・ヤケクソうさ子3
・藤野財団
2022年12月
山科ひびや。徳島県出身、14歳、女。
好きなものはプラモデルと怪談。
憧れるのは、正義の味方。
家にはいつも自分一人だった。誰もいない寂しい空間で、彼女は自己をテレビの中のヒーローに投影した。
無辜の人々のために自身の命と人生を犠牲にして戦うヒーロー。
家族の温もりを知らなかった彼女は、自分こそ……失うもののない自分こそヒーローにふさわしいと思っていた。
でも、そんな彼女にも失うものはあった。
不幸な事故だった。中学校に通う道は滅多に人の通らない山道。通学路とはいえ、ほかに学生はほとんどいない。
だから発見が遅れた。
ひき逃げだ。彼女が見つかったのは1時間後。登校していないことを訝しんだ担任が、家に連絡がつかないため直接向かう途中だった。
血まみれで倒れていたひびやは、病院に搬送され一命をとりとめたが、親が病室を訪れることはなかった。

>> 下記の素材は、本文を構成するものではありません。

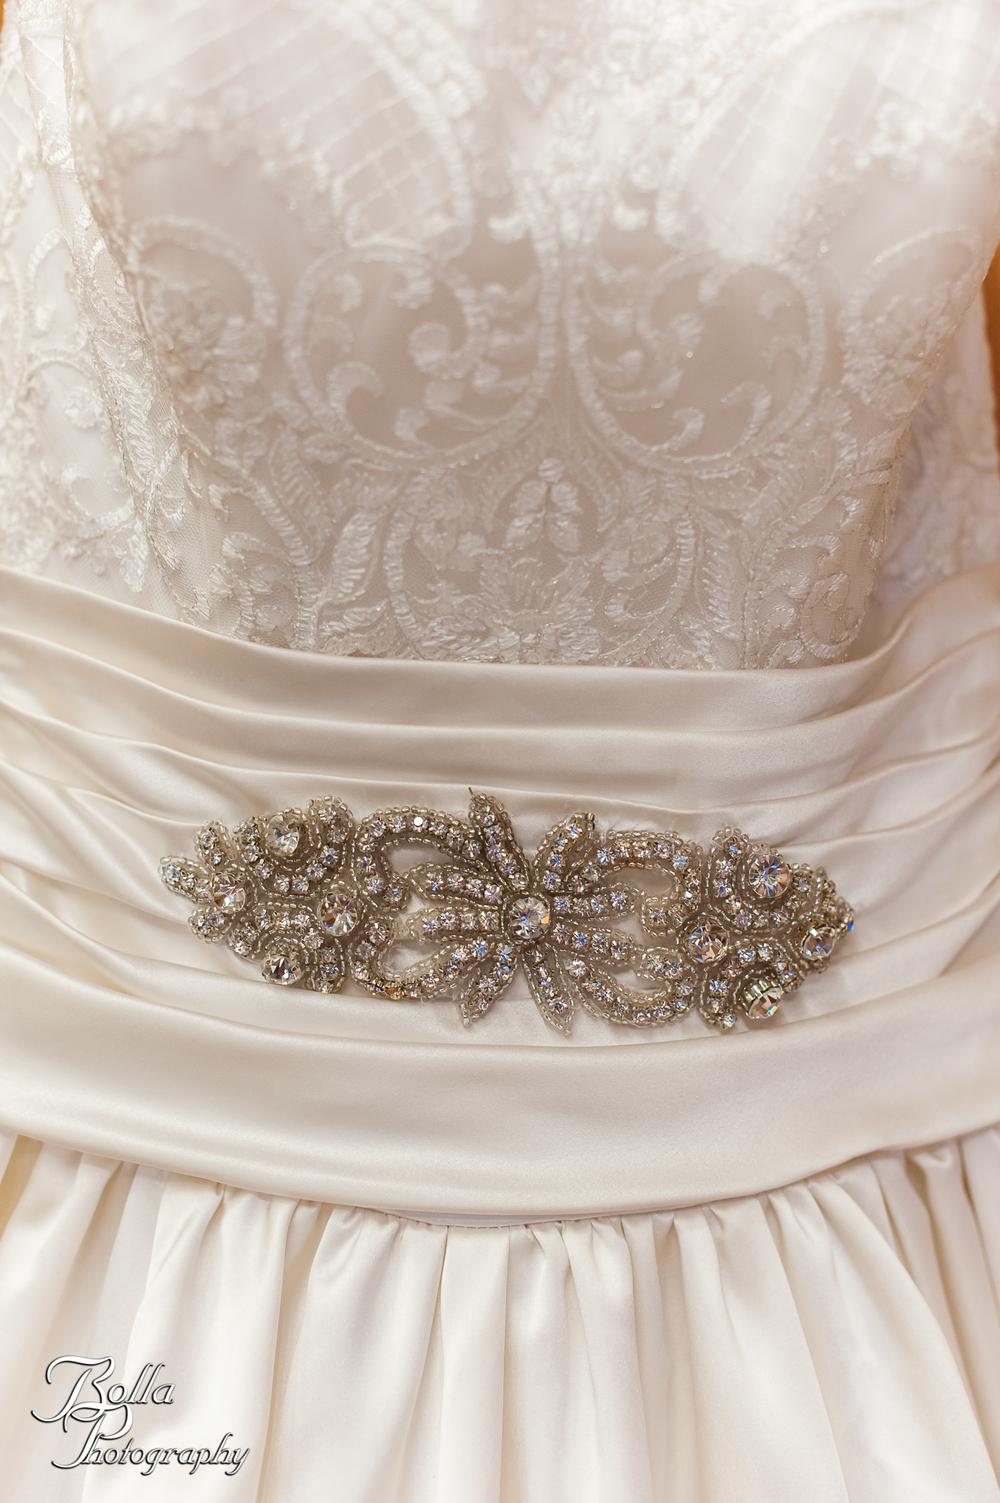 Bolla_Photography_St_Louis_wedding_photographer-0025.jpg

ひびやの両親は離婚してはいなかった。離婚は世間体が悪い。しかし、家族の記憶が残る家にいるのは苦痛だったのか、二人とも必要最小限にしか自宅には帰らなかった。
無論、ひびやのことも遠ざけた。
そんな孤独な少女は、だからこそ、甘い誘いに乗ってしまった。
ある日病室に、スーツを着た女性がやって来た。
ひびやとは面識のない人物だ。黒スーツ、赤いネクタイ。特徴的なのは、頭に黒いハットをかぶっているところか。
「やあ、こんにちは」
女性はお見舞いにと、バナナがたっぷり入った籠を置く。
「あなたは誰?」
「私は由井河あきら。由井河先生って呼んでね」
「先生? 学校の先生なの?」
「う~ん、ちょっと違う。私はそう、機械の先生だよ」
「機械の? もしかして、私の体を?」
「そう! ひびやちゃん。君の体を治すための機械を作るようにこの病院に頼まれてね。いまはどんな具合だい?」
ひびやは由井河に自分の状況を説明した……といっても、由井河は事前にカルテでその内容を把握していたが、やはり本人の主観的な情報も必要だ。

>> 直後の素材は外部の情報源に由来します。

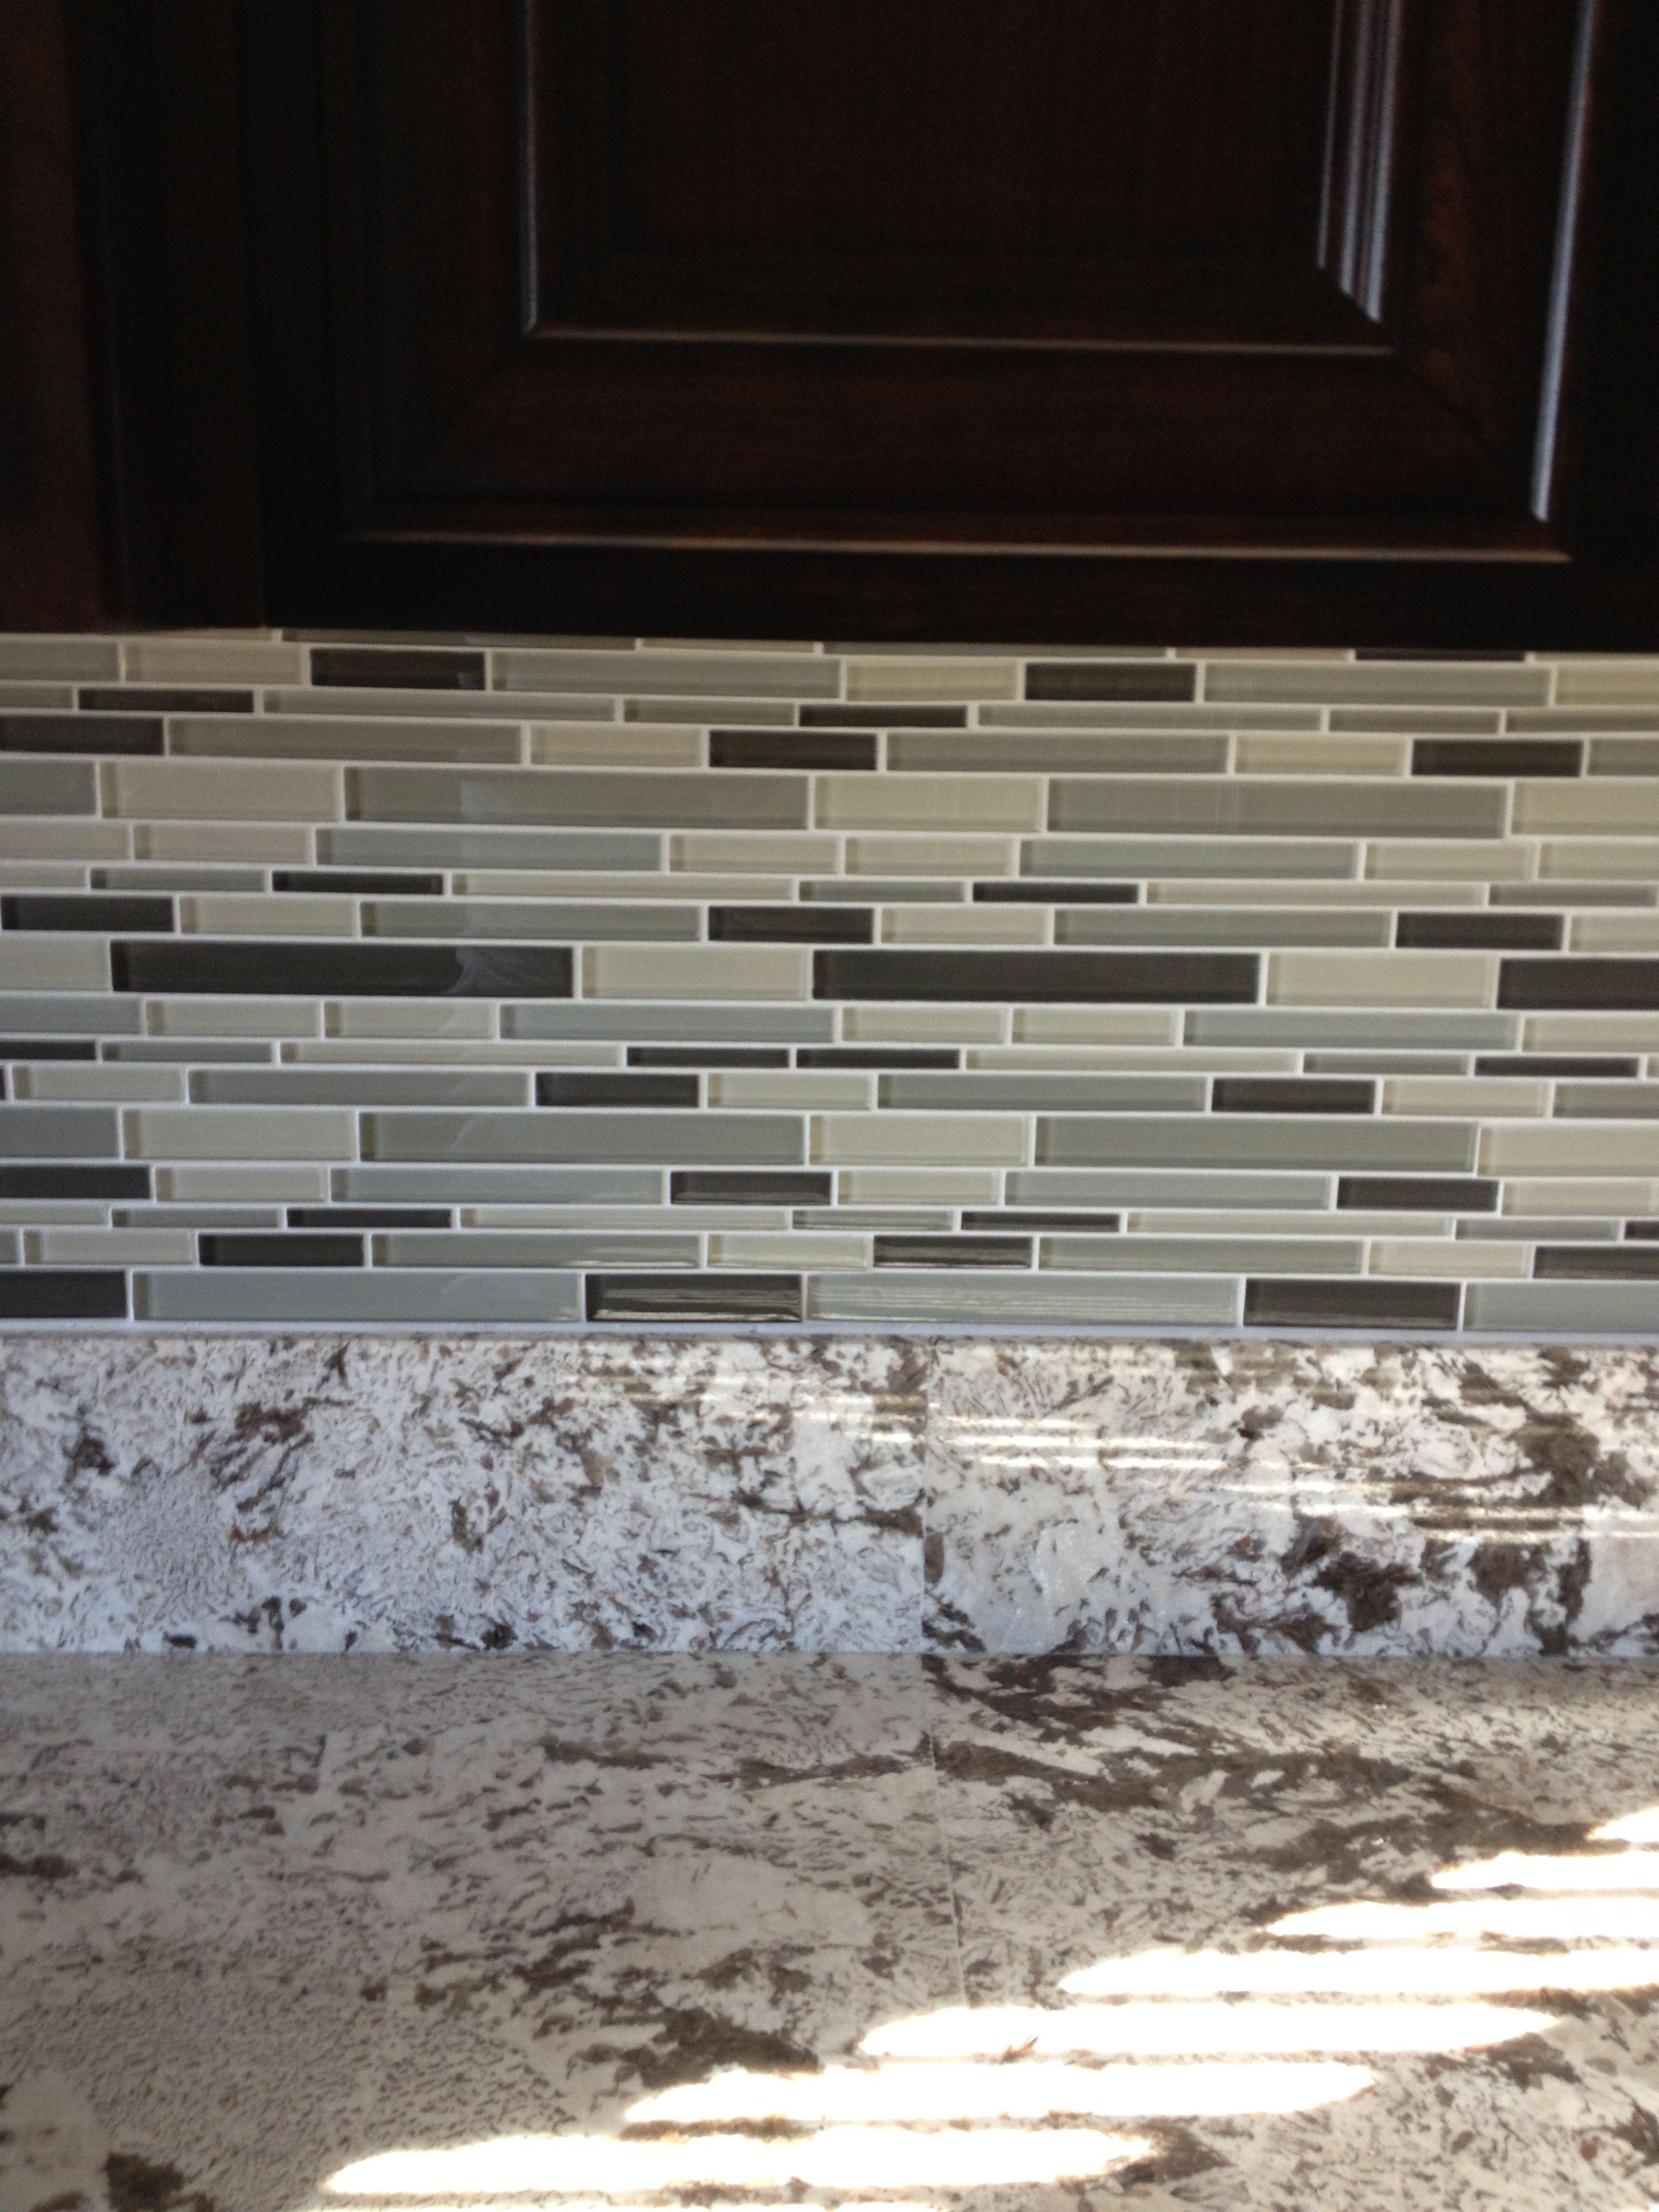 Glass tile backsplash I had installed by Lowes... Love it

ひびやは、腕や足の損傷がひどく、右目は失明。頭も打っており、記憶に混濁が見られた。
後日。由井河の指示で、ひびやは徳島の病院から、三重の藤野総合病院という大病院へ移された。
「地下にも病室があるの?」
「そうだよ。地下の通路を通って、別の施設に行くんだ」
由井河はそう言って、ひびやの乗ったストレッチャーを押す。
そして、ひびやは由井河の治療により、機械を――
記憶が――
――
――私は――
2023年1月
山科ひびやは改造人間である。改造の影響によるオレンジの頭髪に、失った右目を補う眼帯型センサ。白いマフラーがたなびき、全身にアーマーを纏う。そして、右腕には月牙型アタッチメント。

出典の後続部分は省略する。